The API uses an LLM (commonly GPT 3.5 Turbo) to summarize the document according to your own queries. You first provide the API with your PDF document. Then once the model has been trained on the document, you can query the document regarding any topic you want summarized. The prompt best practices apply here too, as a sidenote.
This API uses Retrieval Augmented Generation (RAG) methodology to overcome the shortcomings inherent in LLMs (hallucinations, cut-off date beyond which LLM lacks knowledge of the newer data).
LangChain, which is an open-source library for developing generative AI applications, has been used in this API (Python version).

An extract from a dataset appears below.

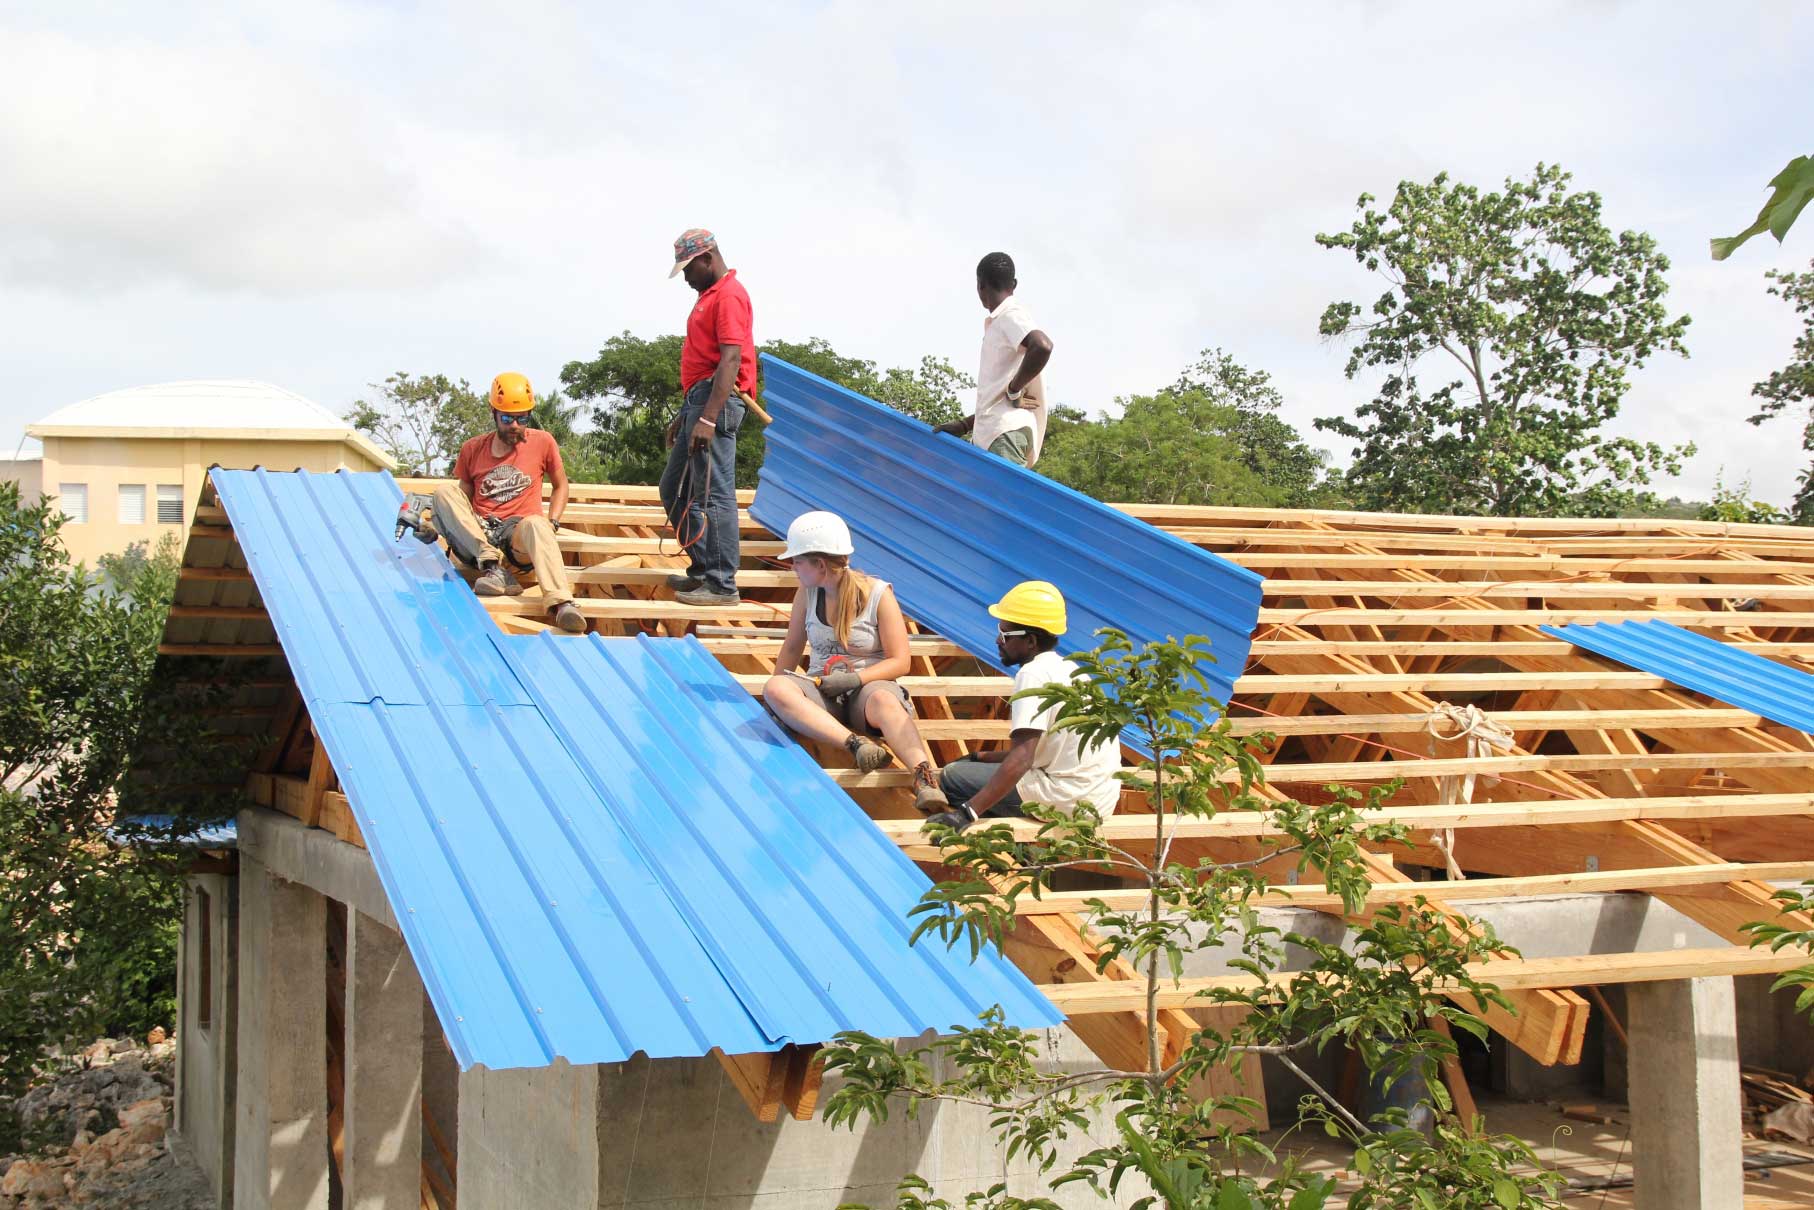 Employees of the project EWB by covering the roof in Beaumont

It provides various utilities and APIs out-of-the-box for parsing PDF documents (and various other ones, for that matter), API for storing chat history, and provides modules for using LLMs as an API. The REST API has been created in FastAPI, an asynchronous, modern, fast Python framework for creating APIs.
You can use the API yourself on your local system.

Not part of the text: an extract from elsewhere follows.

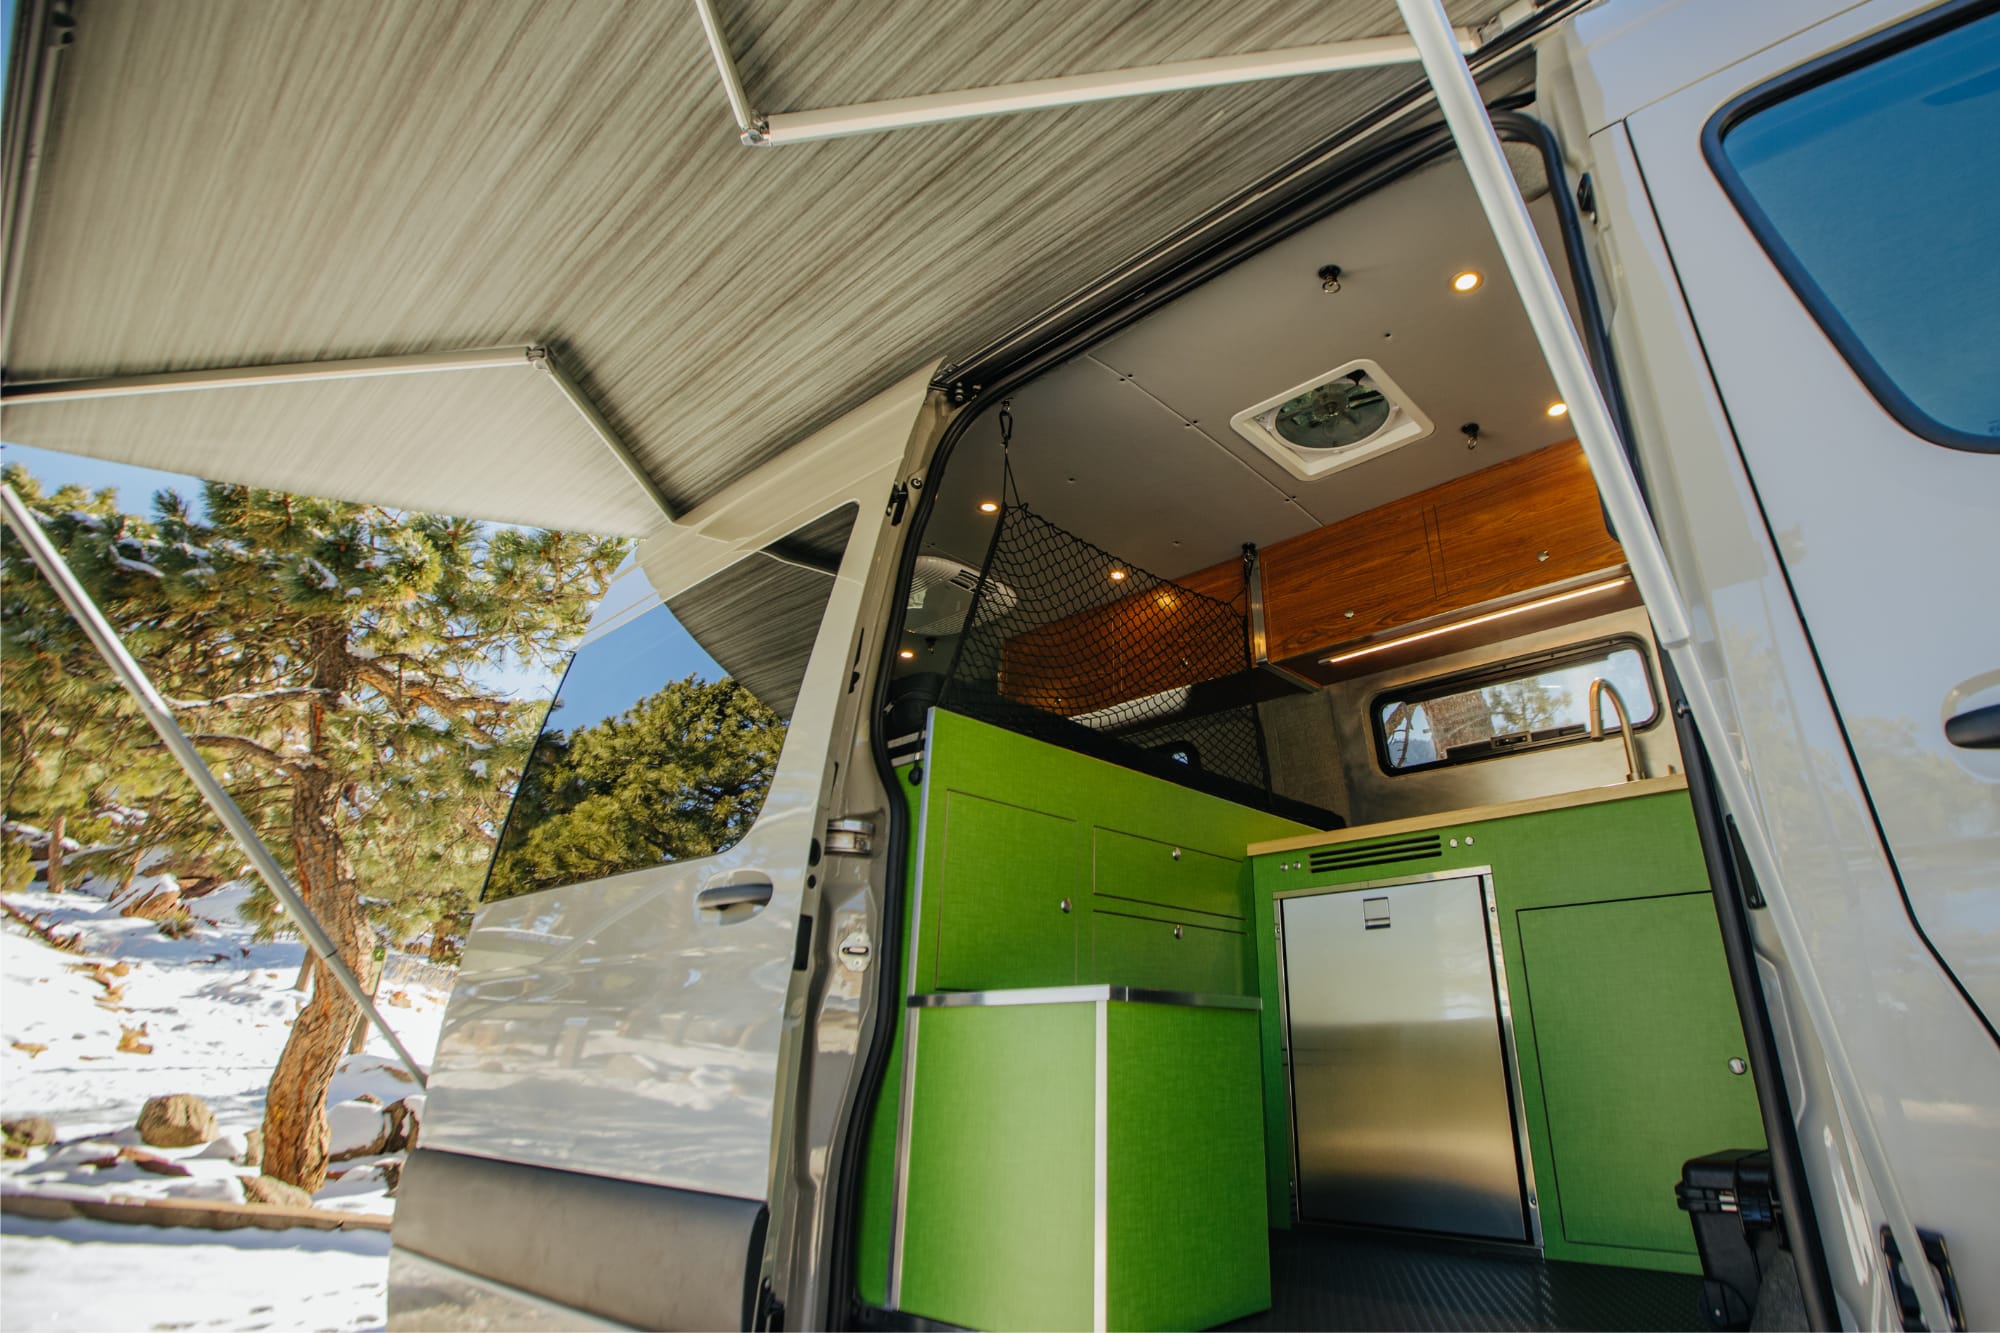 A close-up view into a camper van through the side door. All the cabinetry is bright green.

- Clone the repository on your system.
- Install the requirements for running this API and powering the endpoints on your localhost using
pip install -r requirements.txtThis will install all the required modules and packages by itself. Its better to create a Python virtual environment and install the packages in that environment.

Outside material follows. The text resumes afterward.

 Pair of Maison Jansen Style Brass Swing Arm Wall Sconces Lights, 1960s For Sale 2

You will need to create a .env file on your system in the project folder (containing the main.py script file). You will need to add these 5 fields in the file.
- OPENAI_API_KEY (your API Key for interacting with the LLM provided by the vendor).
- EMBEDDINGS_MODEL (the model you want to use for generating embeddings for text, default is text-embedding-ada-002
- CHAT_MODEL (by default we used gpt-3.5-turbo)
- MONGO_CONNECTION_STRING (for storing chat history, for using local client, it is simply: mongodb://localhost:27017)
- DB_PATH (use: ./trained_db for storing in main project directory)
Once all the packages have been installed and the environment variables defined, navigate to the project directory, run the script using: python main.py and power up the local client
using the link provided in the terminal or command prompt window. Append /docs to the provided URL to find all the API endpoints.